Re: Maximum Multi-byte string (Japanese) Length

Posted by David N Bertoni/Cambridge/IBM <da...@us.ibm.com>.



Hi Steve,

This is likely a problem with the local code page conversion, although I'm
just guessing because you didn't really provide enough information to
figure out what's going wrong.

Something I don't understand:

> I figured out that the problem also only occurs on Japanese UNIX when the
> size of the string passed (that is, a string x.c_str()) equals or exceeds
31
> multi byte characters!

This makes no sense.  Xalan operates only on UTF-16 strings, so I don't
understand what you mean when you say "31 multi-byte characters."  Do you
mean 31 UTF-16 code points?

Also, what is the source of this string?  Is it in a source document?  If
so, then Xalan gets the strings already transcoded to UTF-16 by the parser,
so the encoding of the instance document it irrelevant.  Is it hard-coded
in your executable?  That's guaranteed to be a problem.  In general, you
should be suspicious of embedded string constants and character constants
because they may not behave as you would expect.  Also, parameters passed
in from the command, or coming from a non-Unicode source may also cause
problems.
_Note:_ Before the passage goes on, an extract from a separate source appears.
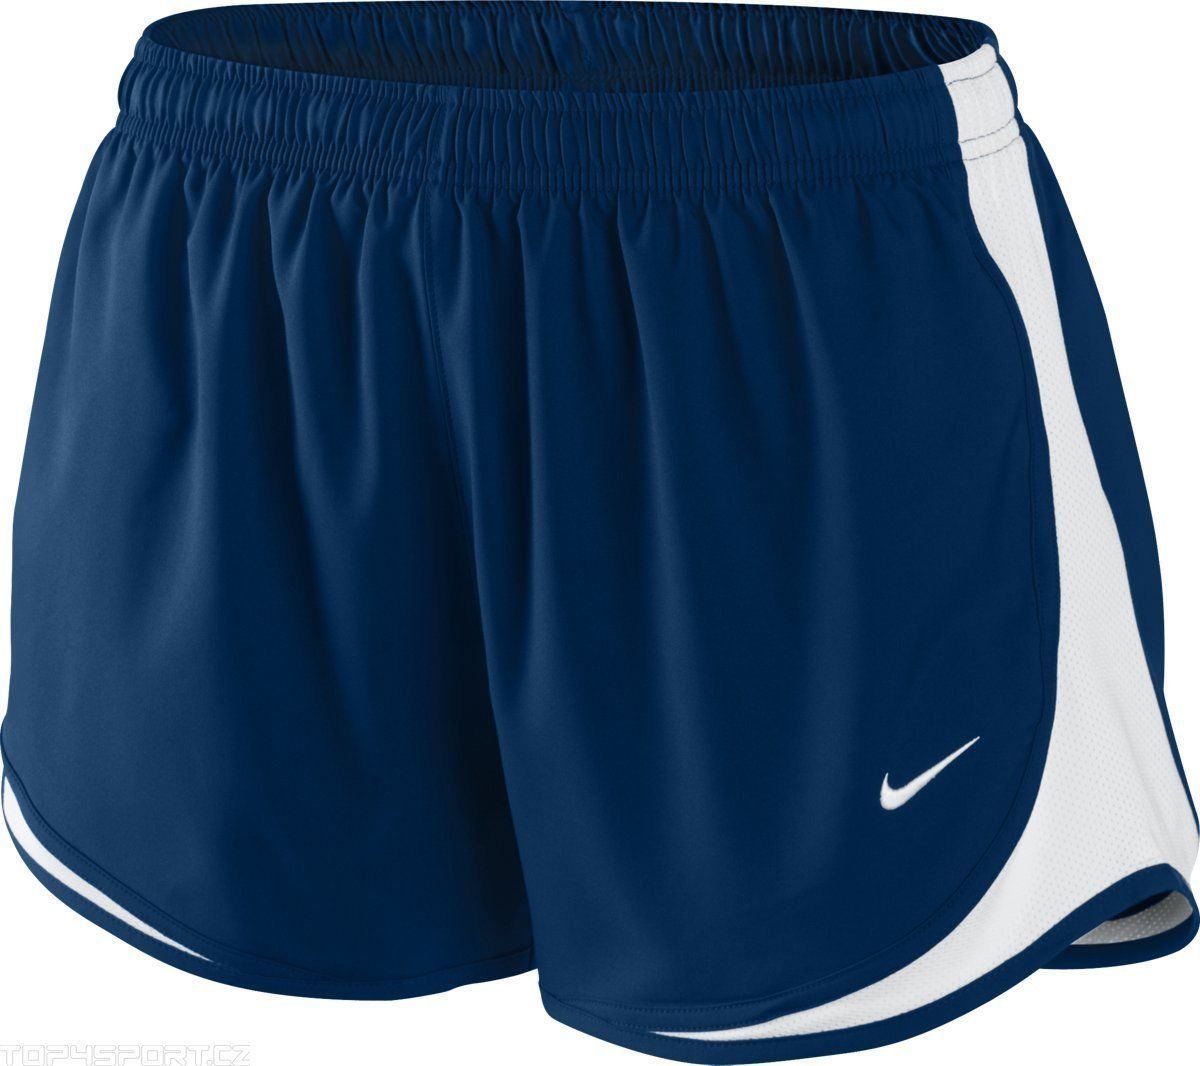 fe5bb1fd366a Nike Navy Blue Original Tempo Dri-Fit Women s 3

Windows supports Unicode intrinsically, while HP and Solaris do
not, so it's very likely things will work on Windows, but not on HP or
Solaris.

It would also help to see the implementation of your function.  Or, if you
can put together a minimal sample program and minimal inputs, we can try to
debug it.  However, we don't have access to a Japanese HP or Solaris box,
so we may not be able to reproduce the problem.

Dave



                                                                                                                                               
                      "Caputo, Steve"                                                                                                          
                      <Steve.Caputo@co         To:      "'xalan-c-users@xml.apache.org'" <xa...@xml.apache.org>                        
                      gnos.com>                cc:      (bcc: David N Bertoni/Cambridge/IBM)                                                   
                                               Subject: Maximum Multi-byte string (Japanese) Length                                            
                      03/13/2003 01:03                                                                                                         
                      PM                                                                                                                       
                                                                                                                                               



Hi xAlan Experts,

Version of Apache xAlan used:  1.2
We have a xFunction defined (i.e. named JavaScriptEncode) with the
interface:

XObjectPtr  FunctionJavascriptEncode::execute(
             XPathExecutionContext&
executionContext,
             XalanNode*
             context,
             int
                               /*
opPos */,
             const XObjectArgVectorType&                     args)
{
   // expect one argument.
   XalanDOMString theString = args[0]->str();
  .
  .
  .
}

The problem is that on Japanese UNIX (tested on HP and Solaris), we lose
the
message string passed through to args, and as a result, our generated web
page displays no string.

The problem does not occur on Japanese windows, or using ascii strings on
English UNIX.

I figured out that the problem also only occurs on Japanese UNIX when the
size of the string passed (that is, a string x.c_str()) equals or exceeds
31
multi byte characters!

Is this a limitation to XObjectArgVectorType?  Any ideas to solve this
problem?  I'm new to XSLT and could not find anything useful in the xAlan
class documentation.

Thanks for any help.

Steve Caputo
Software Engineer
Cognos, Inc.



This message may contain privileged and/or confidential information.  If
you
have received this e-mail in error or are not the intended recipient, you
may not use, copy, disseminate or distribute it; do not open any
attachments, delete it immediately from your system and notify the sender
promptly by e-mail that you have done so.  Thank you.